# [TIP] codes de couleur pour scripts bash

## anigel

Bonjour,

Un truc tout bête, mais qui reste difficile à trouver lorsqu'on écrit des scripts bash : les codes pour "coloriser" le texte !

Enregistrez simplement le code ci-dessous dans un fichier color.sh par exemple, puis, dans votre script, faites un source color.sh ; les variables seront alors disponibles dans votre script.

```
__RED="\033[1;31m"

__DARK_RED="\033[0;31m"

__BLUE="\033[0;34m"

__LIGHT_BLUE="\033[1;34m"

__YELLOW="\033[1;33m"

__GREEN="\033[0;32m"

__LIGHT_GREEN="\033[1;32m"

__PURPLE="\033[0;35m"

__CYAN="\033[0;36m"

__BROWN="\033[0;33m"

__LIGHT_GREY="\033[0;37m"

__DARK_GREY="\033[1;30m"

__NO_COLOUR="\033[0m"
```

Amusez-vous bien  :Wink:  (et n'hésitez pas à compléter la liste des codes couleurs, au besoin).

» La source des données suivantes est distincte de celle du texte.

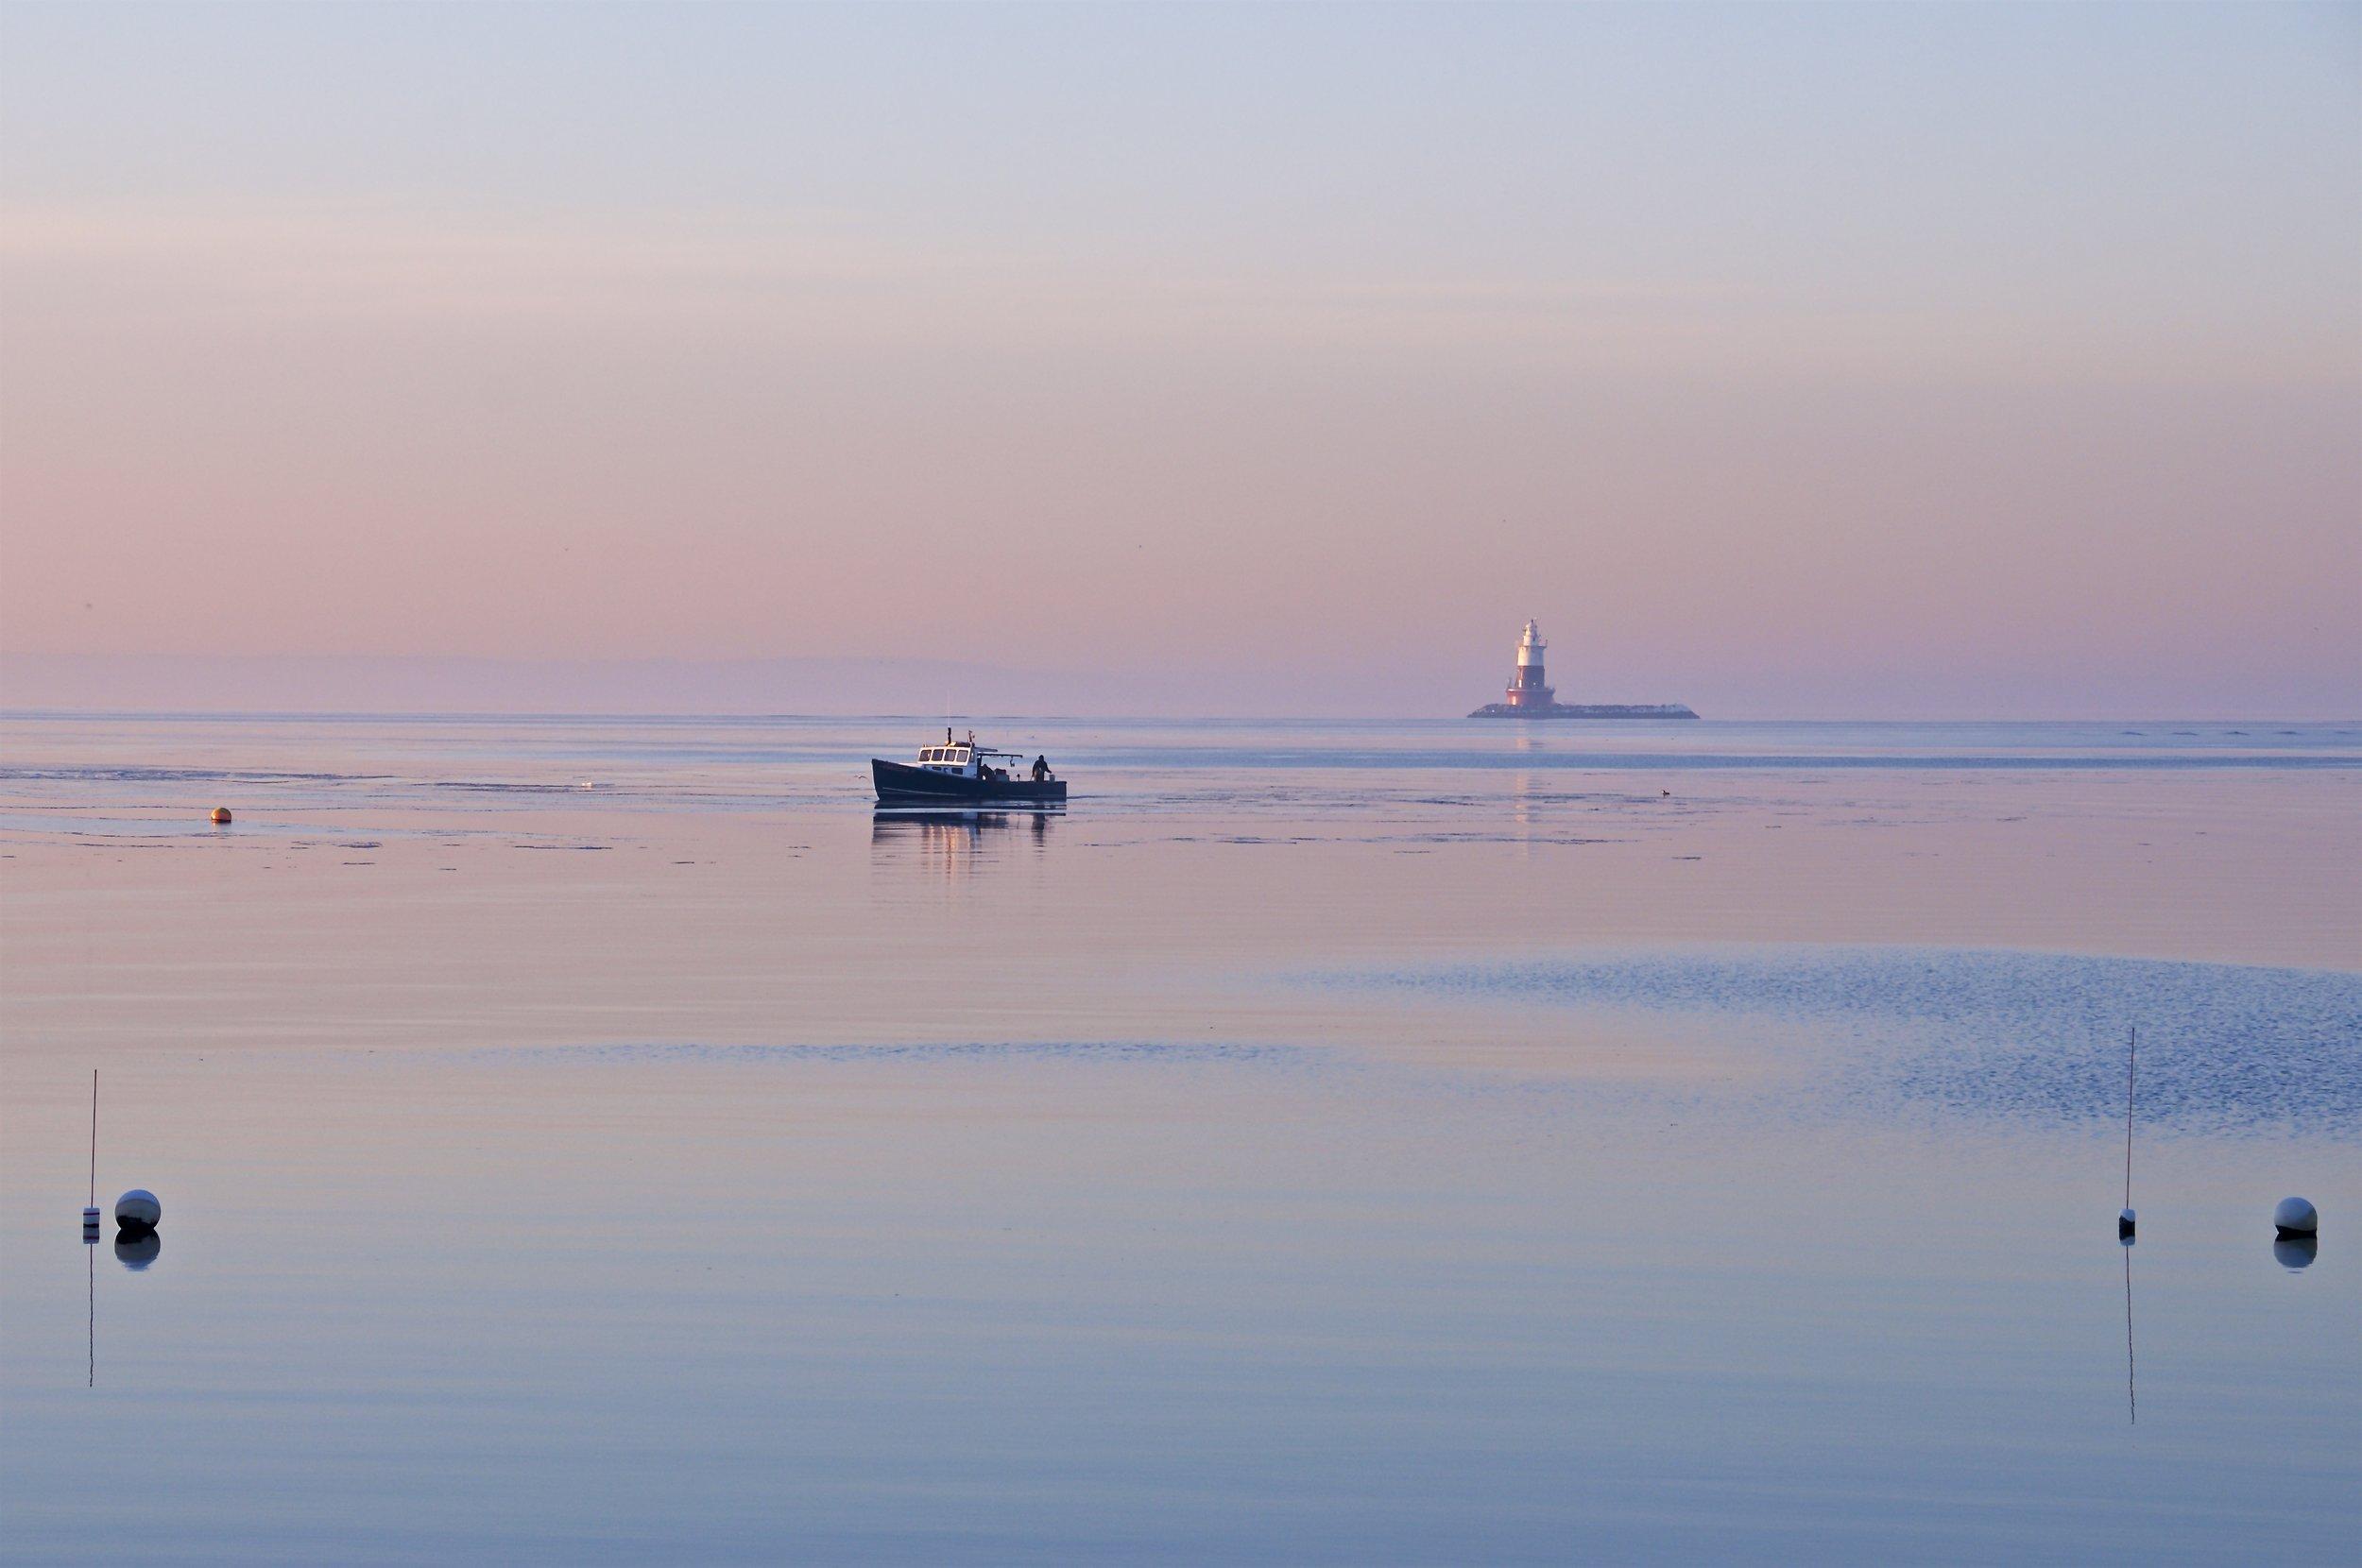 Lobster Boat working Greens' Ledge Lighthouse, Rowayton CT

EDIT : un ami vient de me linker cette page, plutôt sympa. J'y ajoute aussi celle-ci, très complète, que je viens de retrouver dans mon bookmark.

----------

## ttgeub

Pour voir l'effet produit, y a ce script qui affiche les couleurs :

```

T='gYw'   # The test text

echo -e "\n                 40m     41m     42m     43m\

     44m     45m     46m     47m";

for FGs in '    m' '   1m' '  30m' '1;30m' '  31m' '1;31m' '  32m' \

           '1;32m' '  33m' '1;33m' '  34m' '1;34m' '  35m' '1;35m' \

           '  36m' '1;36m' '  37m' '1;37m';

  do FG=${FGs// /}

  echo -en " $FGs \033[$FG  $T  "

  for BG in 40m 41m 42m 43m 44m 45m 46m 47m;

    do echo -en "$EINS \033[$FG\033[$BG  $T  \033[0m";

  done

  echo;

done

echo

```

PS : d'ailleurs anigel c'est pas toi qui me l'avait filé ce script ????Last edited by ttgeub on Mon Sep 19, 2005 9:00 am; edited 1 time in total

----------

## anigel

 *ttypub wrote:*   

> PS : d'ailleurs anigel c'est pas toi qui me l'avait filé ce script ????

 

Non, c'est S_Oz je crois  :Wink: . Moi j'avais juste fourni les couleurs  :Laughing:  !

----------

## Enlight

A priori j'ai aps exactement les mêmes donc je les poste :

 *Quote:*   

> couleurs_texte()
> 
> {
> 
>     rouge="\\033[0;31m"
> ...

 

A noter bien entendu que echo doit être appelé avec l'option -e pour interpréter les caractères échappés, et que chaque couleur peut être associé via paramétrages du TERM dans le ~.Xdefaults à une couleur réelle au format #XXXXXX.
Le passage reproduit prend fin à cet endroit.